FROM debian:jessie

# Install needed OS packages.
RUN    apt-get update \
    && apt-get install -y less openjdk-7-jre-headless python wget \
    && rm -rf /var/lib/apt/lists/*

# We want ch-ssh
RUN touch /usr/bin/ch-ssh

# Download and install Spark.
#
# We're staying on Spark 2.0 because 2.1.0 introduces Hive for metadata
# handling somehow [1]. Data for this goes in $CWD by default, which is / and
# not writeable in Charliecloud containers. So you get thousands of lines of
# stack trace from pyspark. Workarounds exist, including cd to /tmp first or
# configure hive-site.xml [2], but I'm not willing to put up with that crap
# for demo purposes.
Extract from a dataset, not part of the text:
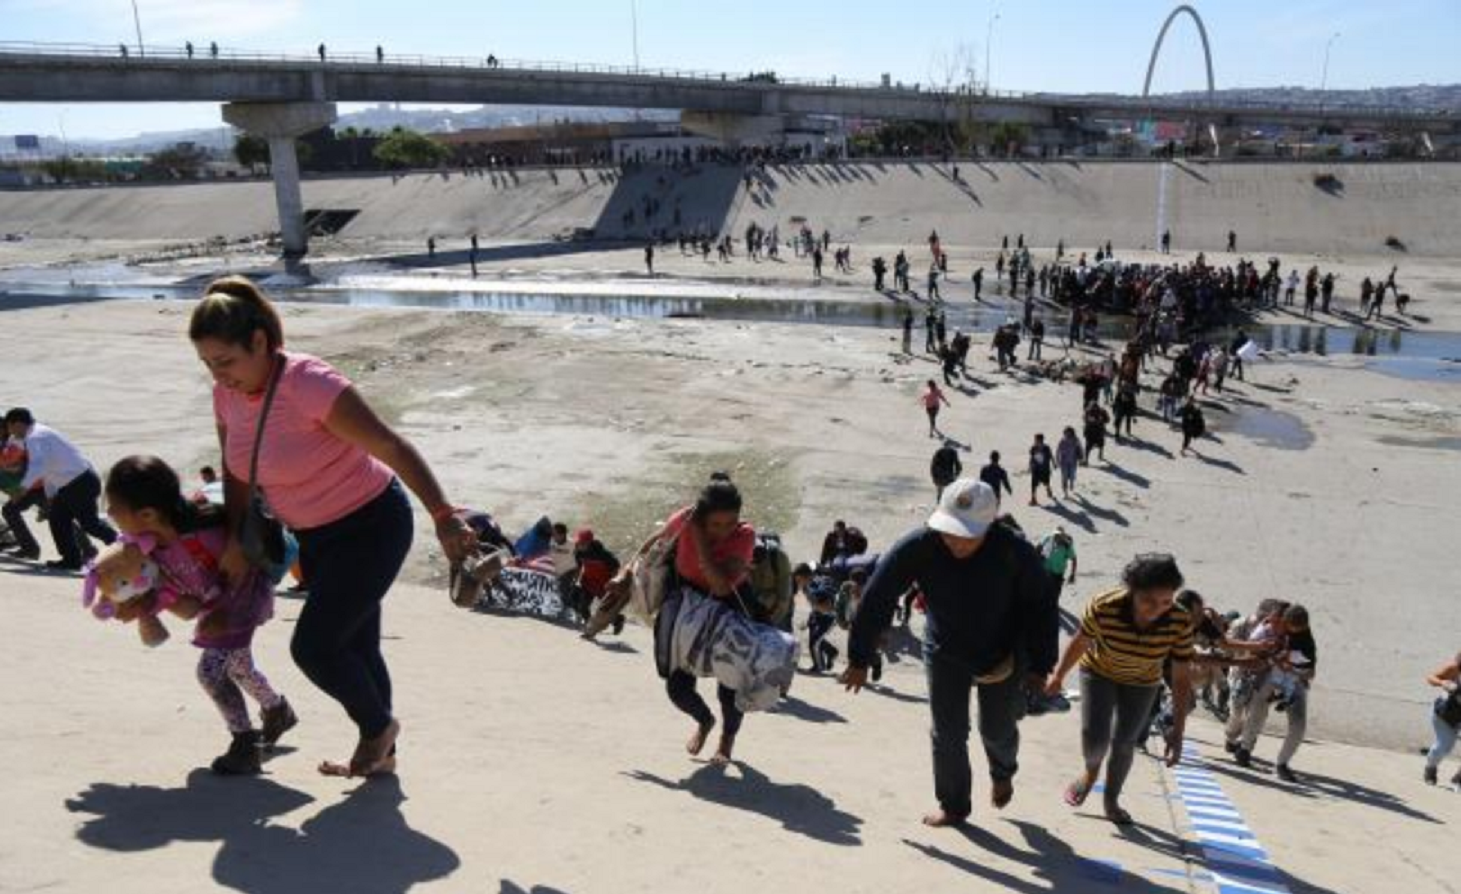 Ayer, cerca de 500 centroamericanos intentaron cruzar la frontera con EU, en donde fueron repelidos con gases lacrim&oacute;genos y balas de goma

Maybe it will be fixed in a 2.1 point release.
#
# [1]: http://spark.apache.org/docs/latest/sql-programming-guide.html#upgrading-from-spark-sql-20-to-21
# [2]: https://community.cloudera.com/t5/Advanced-Analytics-Apache-Spark/Spark-displays-SQLException-when-Hive-not-installed/td-p/37954
ENV URLPATH http://d3kbcqa49mib13.cloudfront.net
ENV DIR spark-2.0.2-bin-hadoop2.7
ENV TAR $DIR.tgz
RUN wget -nv $URLPATH/$TAR
RUN tar xf $TAR && mv $DIR spark && rm $TAR

# Very basic default configuration, to make it run and not do anything stupid.
RUN printf '\
SPARK_LOCAL_IP=127.0.0.1\n\
SPARK_LOCAL_DIRS=/tmp\n\
SPARK_LOG_DIR=/tmp\n\
SPARK_WORKER_DIR=/tmp\n\
' > /spark/conf/spark-env.sh

# Move config to /mnt/0 so we can provide a different config if we want
RUN    mv /spark/conf /mnt/0 \
    && ln -s /mnt/0 /spark/conf